Upstart is scheduled to report second quarter earnings on August 8, and Morgan Stanley expects disappointing results.

“Credit continues to underperform on a relative basis, with monthly annualized net loss rates hitting record levels. As we await clarity on the underlying economics of the committed capital arrangements, we recommend investors fade what appears to be a low-quality rally,” said equity analysts at the firm.

“Aside from minor improvement in July, delinquencies remain elevated, resulting in record annualized losses. While the sequential improvement in delinquencies from June (4.89%) to July (4.82%) is a slight positive, the rapid rise in delinquencies since [the second half of 2022] have translated to record annualized loss rates, with July’s monthly annualized loss rate of 23.9% representing 541bps of deterioration [month-over-month] and 1225bps of deterioration [year-over-year],” the analysts wrote in a note to clients.

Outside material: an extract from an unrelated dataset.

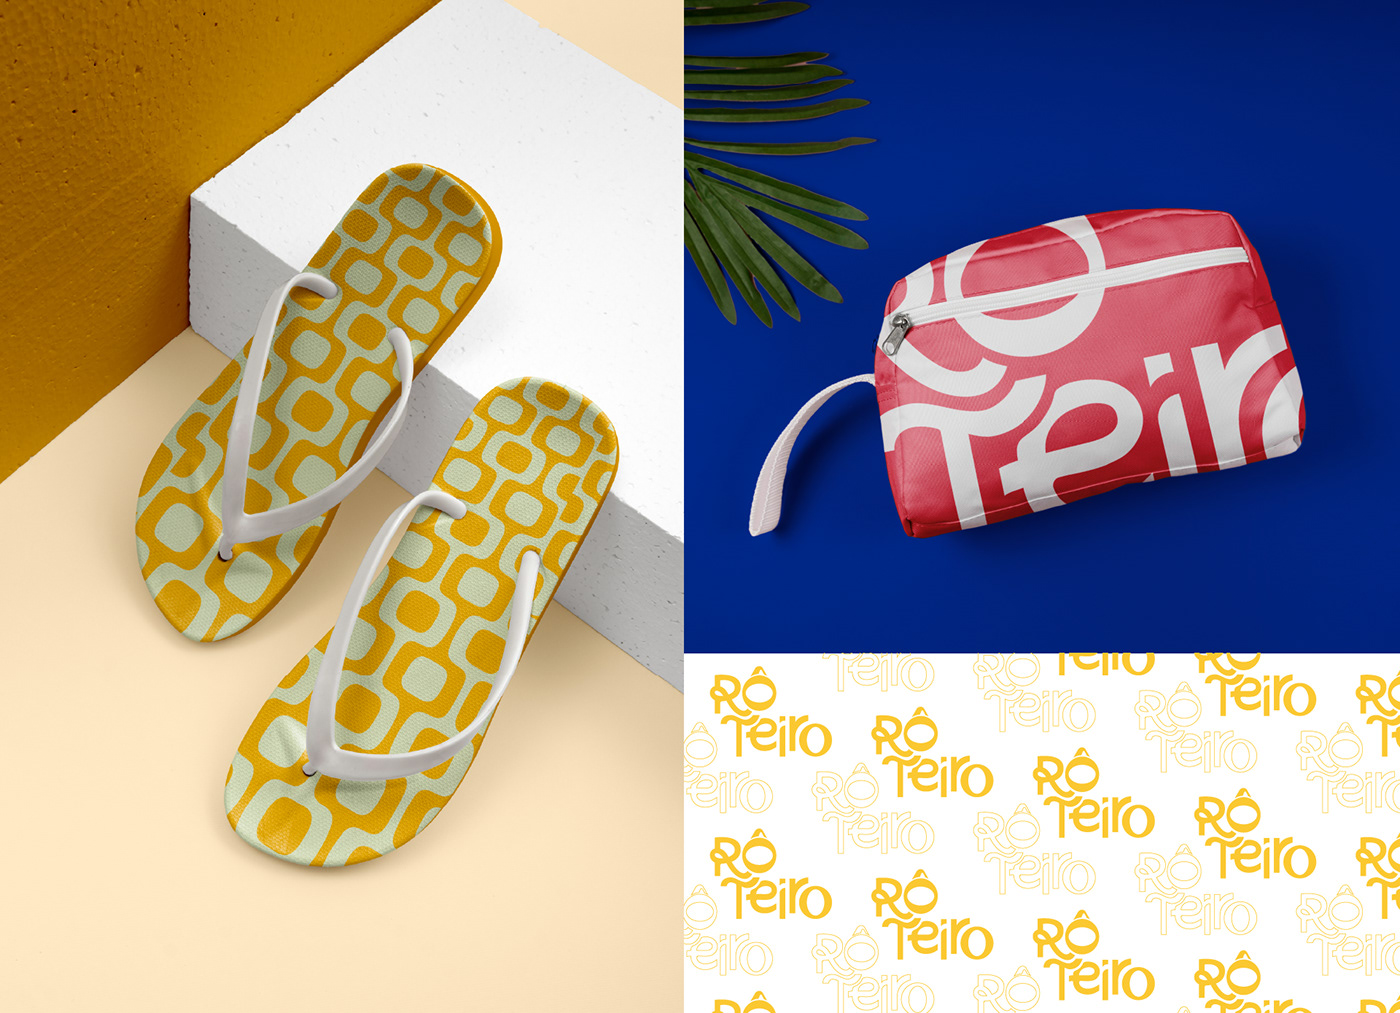 agencia de viagem Turismo Travel identidade visual brand identity design gráfico marketing   Logo Design designer Brand Design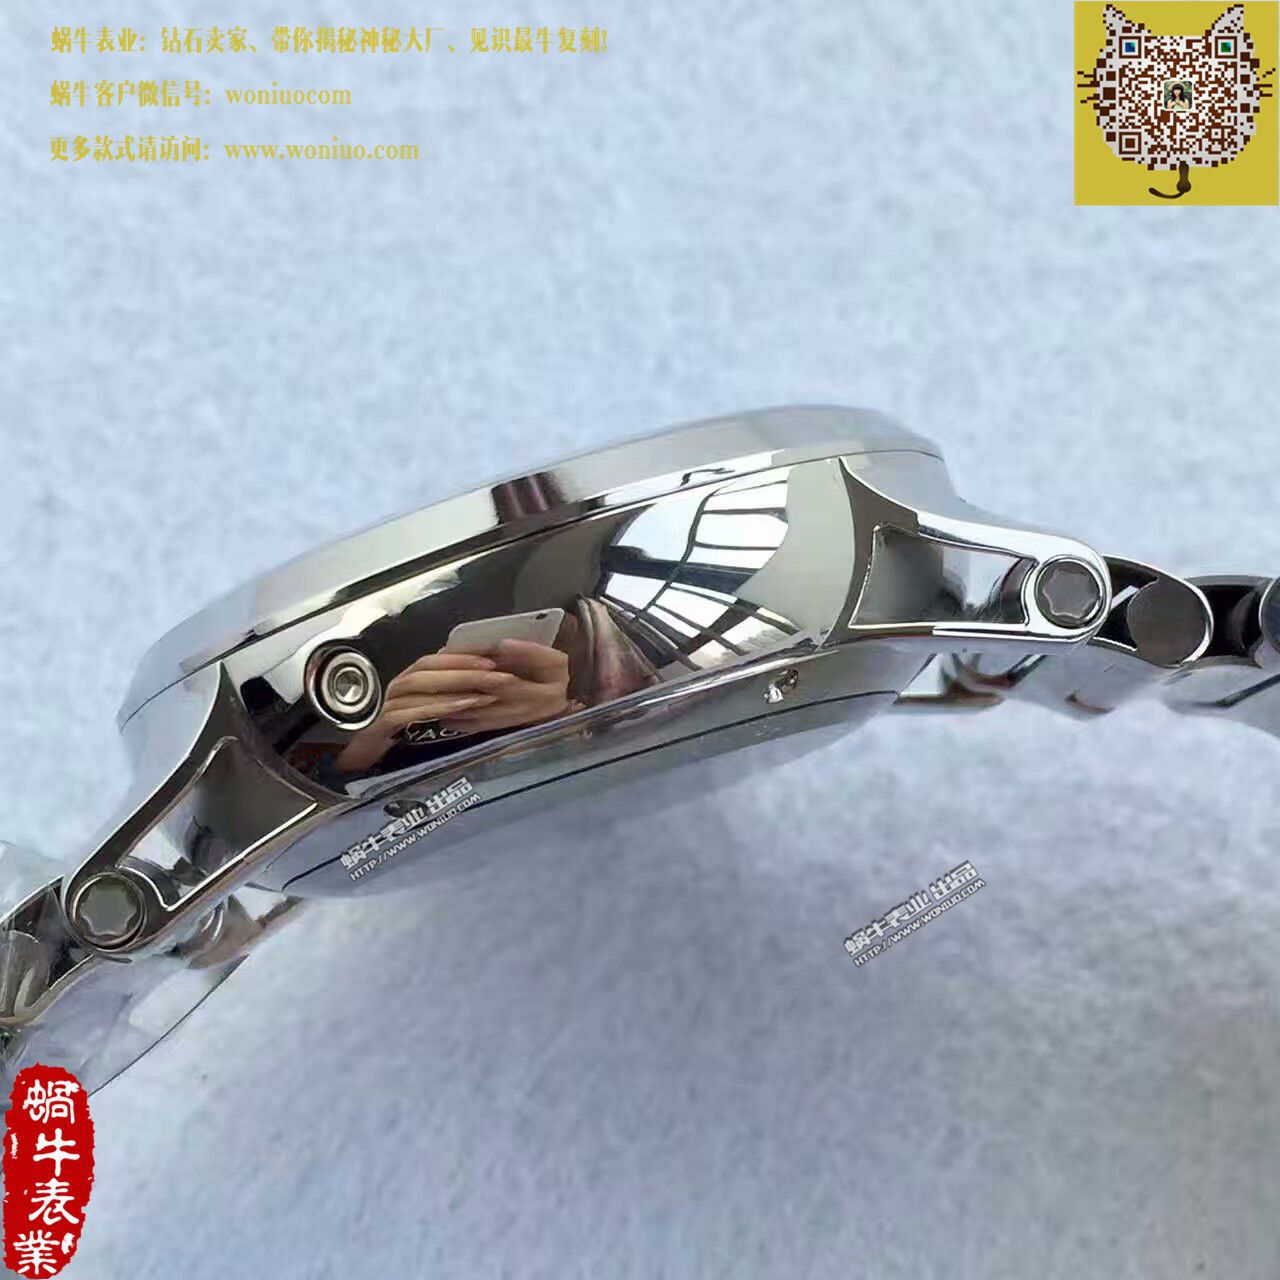 【台湾厂一比一超A高仿手表】万宝龙时光行者系列U036972腕表 / MB011

They think recent gains in the stock were a low-quality share price appreciation driven by factor flows, AI, and lower short interest.

The analysts explained, “While short interest as a percentage of float reached highs of ~47% in late-February, the metric bottomed in April prior to the committed capital announcement and has since stabilized at ~37%. This dynamic, in addition to ~83% correlation to NVDA shares on a YTD basis, has driven a relatively low-quality rally that we would recommend investors fade.”

Morgan Stanley has an ‘underperform’ rating on Upstart’s stock with a price target of $13. Shares closed at $60 on Friday.